*** Data in this exercise ***

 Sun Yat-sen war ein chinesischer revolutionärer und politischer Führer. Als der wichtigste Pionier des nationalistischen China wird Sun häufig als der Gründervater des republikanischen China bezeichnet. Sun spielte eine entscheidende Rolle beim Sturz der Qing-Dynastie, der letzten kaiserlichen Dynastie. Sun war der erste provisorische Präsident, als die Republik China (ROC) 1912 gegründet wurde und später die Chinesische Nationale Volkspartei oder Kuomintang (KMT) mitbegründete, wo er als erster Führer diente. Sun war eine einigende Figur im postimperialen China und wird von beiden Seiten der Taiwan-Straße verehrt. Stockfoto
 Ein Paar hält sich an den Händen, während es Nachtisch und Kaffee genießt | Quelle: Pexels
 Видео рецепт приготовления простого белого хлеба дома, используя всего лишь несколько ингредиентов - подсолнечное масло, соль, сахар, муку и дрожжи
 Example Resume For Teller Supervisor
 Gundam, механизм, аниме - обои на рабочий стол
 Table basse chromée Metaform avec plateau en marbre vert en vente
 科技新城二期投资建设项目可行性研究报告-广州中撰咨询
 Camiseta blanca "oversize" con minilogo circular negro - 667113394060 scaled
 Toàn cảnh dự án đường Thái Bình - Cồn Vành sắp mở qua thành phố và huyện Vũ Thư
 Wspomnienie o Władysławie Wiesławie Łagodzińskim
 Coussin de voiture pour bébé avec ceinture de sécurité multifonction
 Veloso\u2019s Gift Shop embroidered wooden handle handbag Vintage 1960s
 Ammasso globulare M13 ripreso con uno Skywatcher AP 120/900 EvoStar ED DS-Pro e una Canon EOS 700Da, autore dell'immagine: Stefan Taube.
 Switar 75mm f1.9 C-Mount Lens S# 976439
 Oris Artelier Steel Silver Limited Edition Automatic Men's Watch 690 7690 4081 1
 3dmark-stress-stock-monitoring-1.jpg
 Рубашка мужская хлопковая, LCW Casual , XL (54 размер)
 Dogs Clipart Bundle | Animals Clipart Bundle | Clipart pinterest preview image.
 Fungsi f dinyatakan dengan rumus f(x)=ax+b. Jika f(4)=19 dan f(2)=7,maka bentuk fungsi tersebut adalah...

*** End of Data in this exercise ***

** Prompt **
Working through the records above, copy each line in which "avec" is found.

** Answer section **
 Table basse chromée Metaform avec plateau en marbre vert en vente
 Coussin de voiture pour bébé avec ceinture de sécurité multifonction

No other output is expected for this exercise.